Description
Try these delicious goat cheese croquettes with fig jam drizzle! Crispy, creamy croquettes paired with sweet fig jam for a perfect appetizer.
Ingredients
Scale
- 200g Goat Cheese (Chilled): This is the star of the dish, providing a creamy texture and tangy flavor. Chilling the cheese makes it easier to shape into balls.
- 1/2 Cup All-Purpose Flour: The flour acts as the first coating, helping the egg and breadcrumbs stick to the goat cheese balls.
- 2 Large Eggs (Beaten): The beaten eggs serve as an adhesive layer, ensuring the panko breadcrumbs cling well.
- 1 Cup Panko Breadcrumbs: These Japanese-style breadcrumbs add an extra crunch and texture to the outside of the croquettes.
- 1/4 Cup Crushed Pistachios (Optional): Adds a unique flavor and lovely color contrast, enhancing both taste and appearance.
- 1/2 tsp Salt: Essential for enhancing the flavors of the dish.
- 1/2 tsp Black Pepper: Adds a hint of spice that complements the richness of the goat cheese.
- Vegetable Oil (for Frying): For frying, choose a neutral oil with a high smoke point, such as canola or sunflower oil.
For the Drizzle:
- 1/3 Cup Fig Jam: This sweet topping adds a delightful contrast to the savory croquettes.
- 1 tbsp Water: Used to thin the fig jam, making it easier to drizzle.
For Garnish:
- 2 tbsp Crushed Pistachios: These add an extra pop of color and flavor when sprinkled on top.
- Fresh Thyme Sprigs (Optional): A nice herbaceous note that complements the richness of the cheese.
Instructions
- Prepare the Goat Cheese Balls: Begin by scooping the chilled goat cheese into 1 tbsp balls.

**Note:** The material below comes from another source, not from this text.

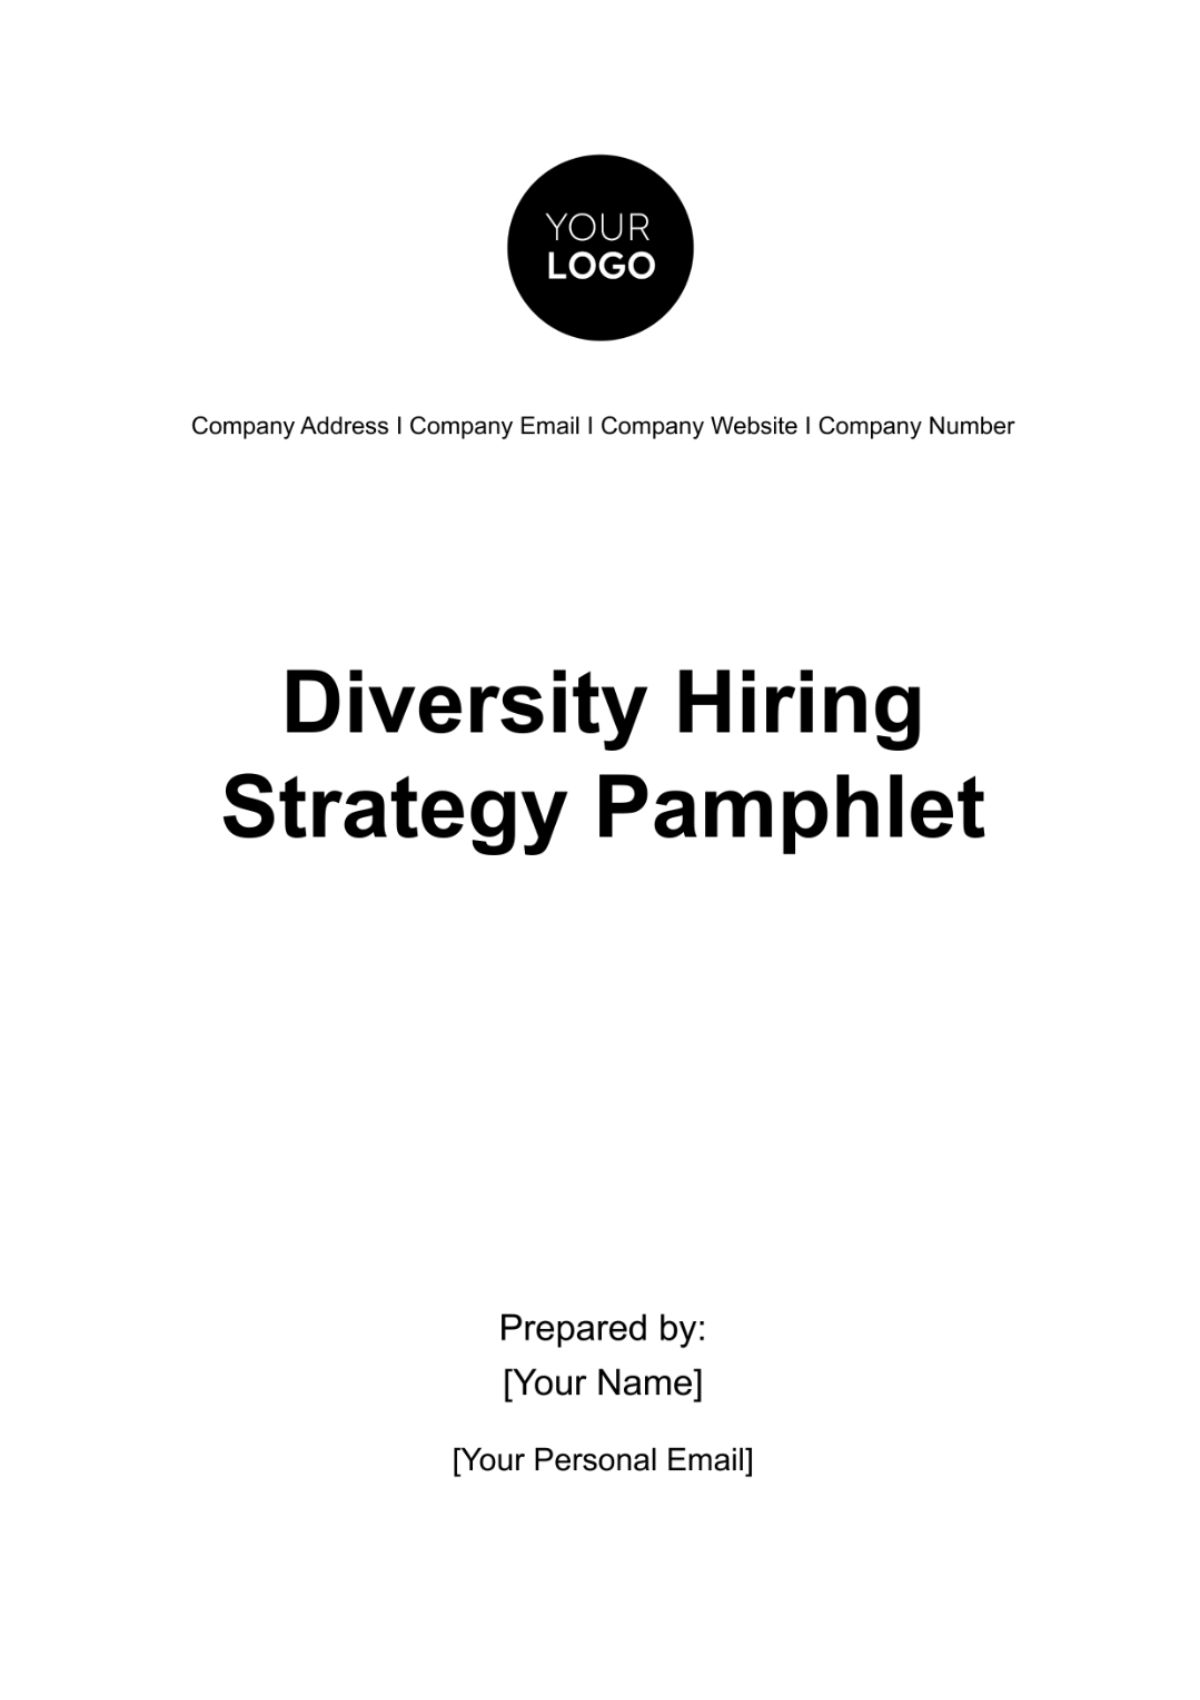 Diversity Hiring Strategy Pamphlet HR Template

Shape them evenly for consistent cooking. Once formed, place the balls on a parchment-lined tray and freeze for 20-30 minutes. Freezing allows the cheese to firm up, making it easier to handle during frying.

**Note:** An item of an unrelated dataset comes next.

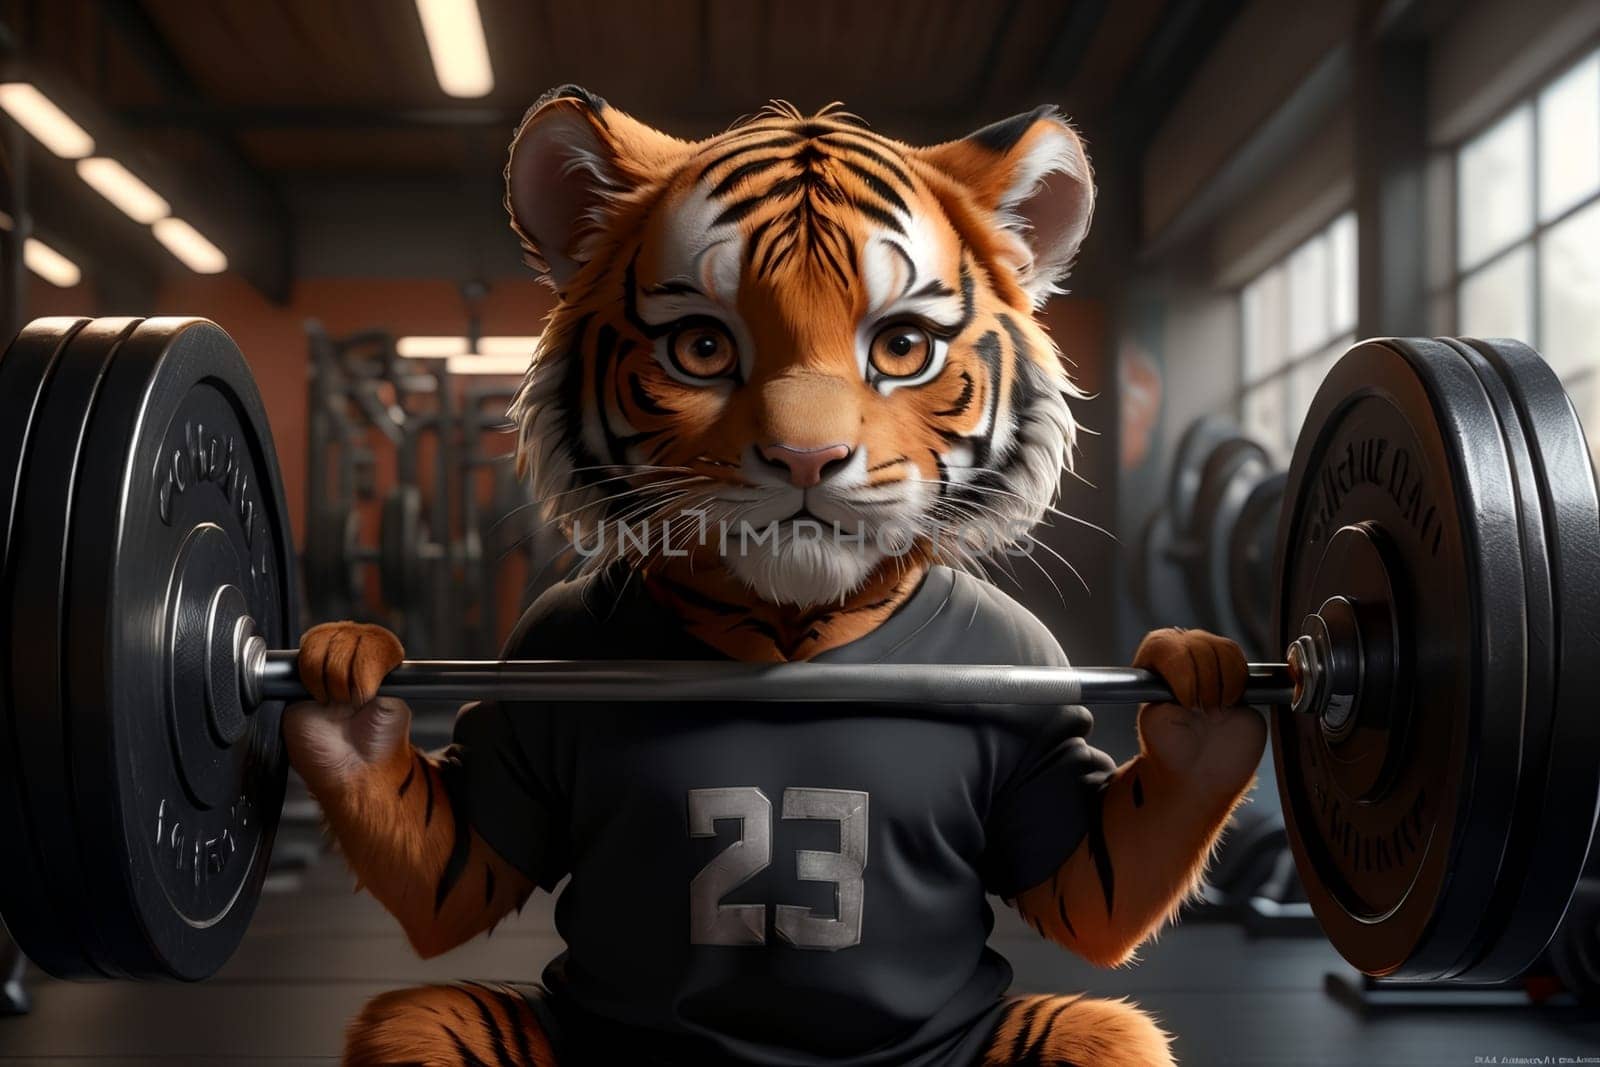 tiger goes in for sports in the gym, lifts a heavy barbell .

- Bread the Croquettes: Set up your breading station with three bowls. In the first bowl, add 1/2 cup all-purpose flour. In the second bowl, beat the 2 large eggs thoroughly. In the third bowl, mix 1 cup panko breadcrumbs, 1/4 cup crushed pistachios (if using), 1/2 tsp salt, and 1/2 tsp black pepper. Coat each frozen goat cheese ball in the flour first, then dip into the beaten eggs, and finally coat with the panko mixture. After breading, place the croquettes back in the freezer for an additional 15 minutes to ensure the coating adheres well.
- Fry the Croquettes: In a deep skillet, heat vegetable oil to 180°C (350°F). Carefully add the croquettes to the hot oil, making sure not to overcrowd the pan. Fry for 2-3 minutes or until they reach a golden brown color on all sides. Use a slotted spoon to remove them and place them on paper towels to drain excess oil.
- Prepare the Fig Jam Drizzle: In a small saucepan, warm 1/3 cup fig jam over medium heat. You may add 1 tbsp water to thin it out if needed for drizzling. Stir until the jam becomes smooth and pourable, then remove it from the heat.
- Assemble and Garnish: Arrange the warm croquettes on a serving platter. Drizzle the fig jam generously over the top of the croquettes. Finish by sprinkling 2 tbsp crushed pistachios and a few fresh thyme sprigs for a pop of color and flavor.
- Serve: These croquettes are best enjoyed immediately while warm for the best flavor and texture. Pair them with a light white wine or sparkling beverage for a delightful experience!